When Atlas stands up Docusaurus, copy these from urbalurba-infrastructure/website/docusaurus.config.ts rather than reinventing.

Two onboarding-page styles to choose between

  • urbalurba — separates: Guides (3 pages) / Rules & Standards (8 pages) / Architecture (4 pages). Index page is short and routes you to the right family.
  • devcontainer-toolbox — flatter: index inlines the quick-start + commit conventions + testing notes; task pages link out for depth.

For Atlas's volume (~9 contributor pages), devcontainer-toolbox's flatter shape fits better — Atlas doesn't yet have enough Rules-and-Standards material to justify a separate subcategory.


The proposal

Move not copy

For each contributor doc:

  1. The content moves to website/docs/contributing/<page>.md.
  2. The old location keeps a short pointer stub: 1–3 lines, "this guide has moved to https://atlas.helpers.no/docs/contributing/", plus any operational content that doesn't fit a public guide (e.g. atlas-data/dbt/README.md keeps its raw command cheatsheet; the "what is dbt-osmosis and why" prose moves).
  3. One source of truth.

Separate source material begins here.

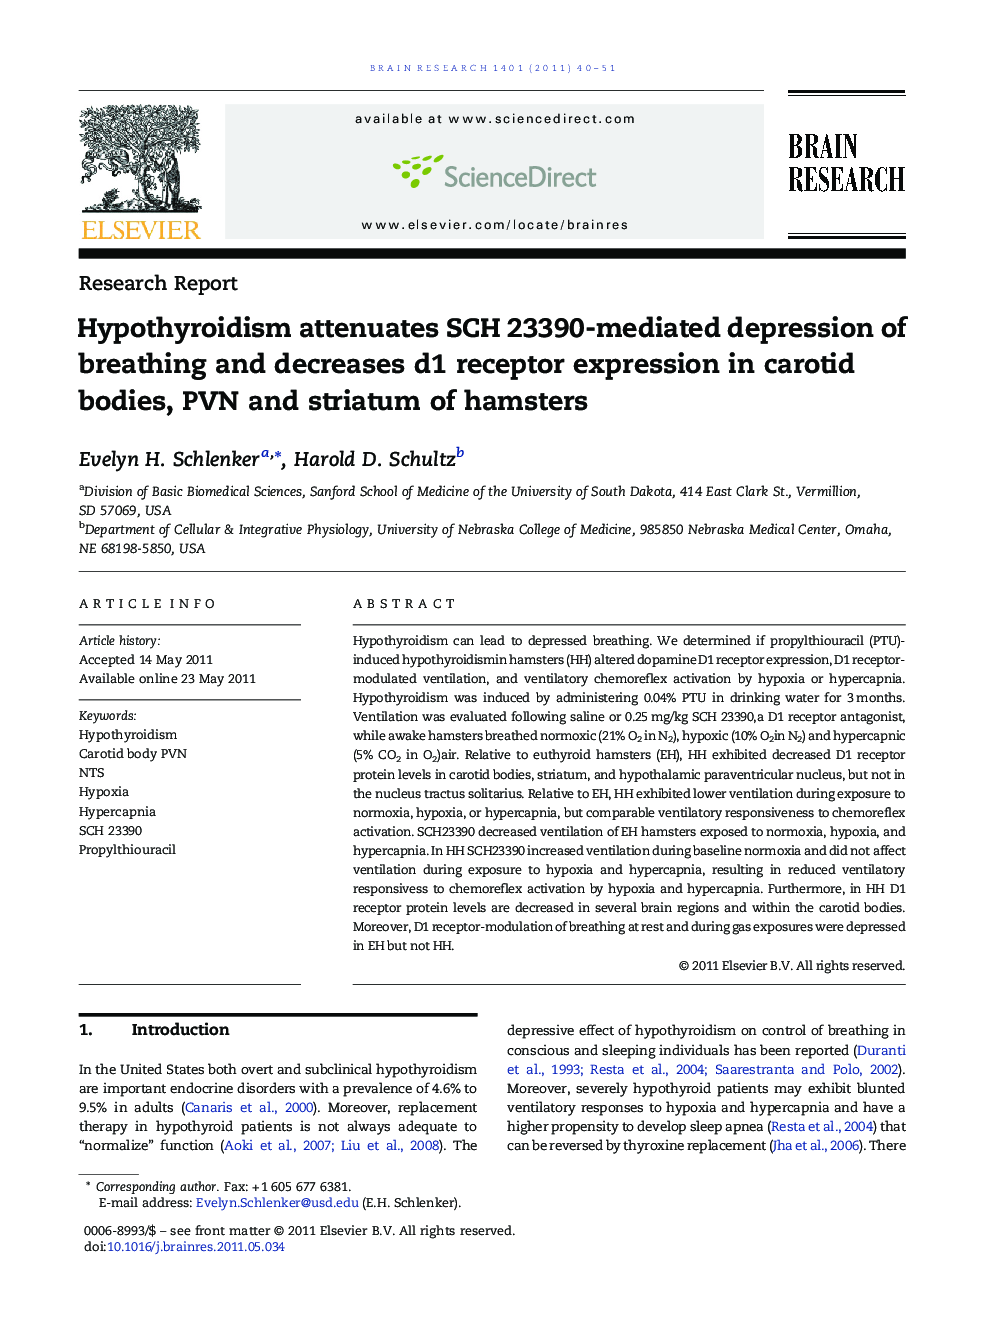 Hypothyroidism attenuates SCH 23390-mediated depression of breathing and decreases d1 receptor expression in carotid bodies, PVN and striatum of hamsters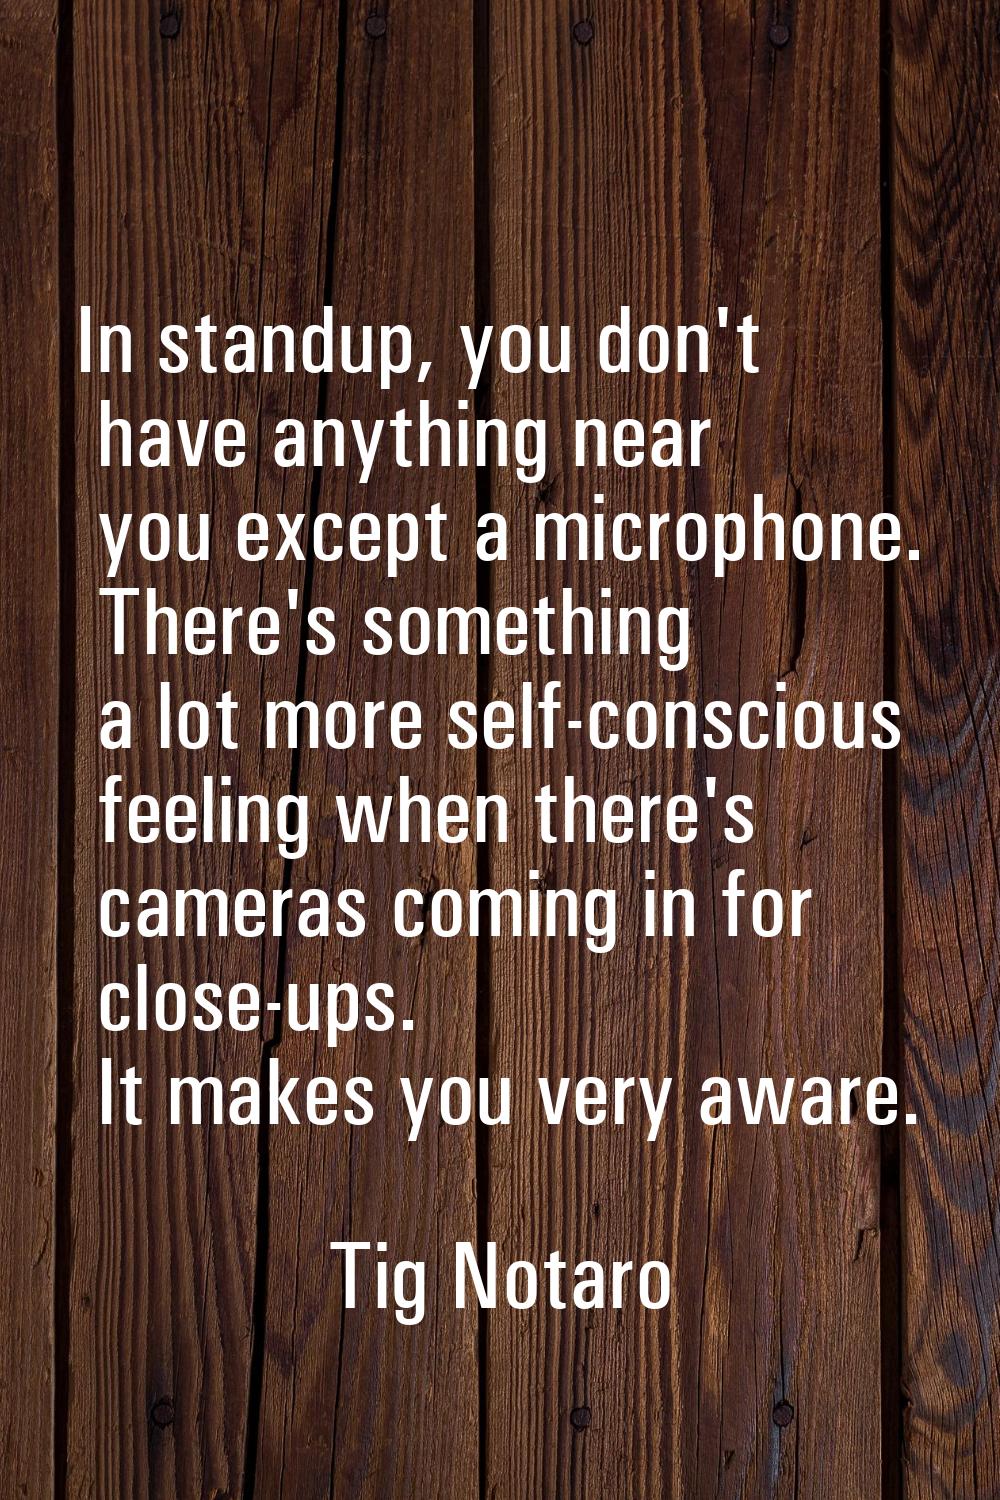 In standup, you don't have anything near you except a microphone. There's something a lot more self

Updates land on the public site; the in-repo stubs are stable pointers.

Proposed Contributors section structure

website/docs/contributors/
├── _category_.json (label: "Contributors", position: 7)
├── index.md (welcome / quick-start / task-driven options — devcontainer-toolbox shape)
├── setup.md (clone, devcontainer / local install, env file, first dbt run)
├── adding-a-source.md (CONTRIBUTING.md's 11-step workflow, polished for public)
├── ingest-modules.md (template + how the source layer is shaped — from ingest/README.md)
├── dbt-osmosis.md (what it is, why we use it, propagation, OpenAPI tie-in)
├── check-osmosis.md (the gate, when it runs, what failures mean, how to fix)
├── data-journey.md (the SSB 08764 worked example, distilled)
├── git-workflow.md (from GIT.md — branch / PR / merge / cleanup)
└── testing.md (npm typecheck, dbt parse, dbt test, check-osmosis.sh)

Naming + flat structure follow devcontainer-toolbox/website/docs/contributors/. The exact page count is [Q3].

Pointer-stub example

# atlas-data/dbt/ — schema.yml hygiene

> **The contributor guide for dbt-osmosis and `check-osmosis.sh` lives on the public docs site:**
> - https://atlas.helpers.no/docs/contributing/dbt-osmosis
> - https://atlas.helpers.no/docs/contributing/check-osmosis
>
> The day-to-day commands stay below for quick reference.

## Day-to-day commands
[command cheatsheet stays here]

The exact wording / link style is [Q4].


Decisions to resolve before implementation

  • [Q1] Section path + sidebar label. contributors/ directory → "Contributors" sidebar label, resolved by sister-project convention — both urbalurba-infrastructure and devcontainer-toolbox use this exact name.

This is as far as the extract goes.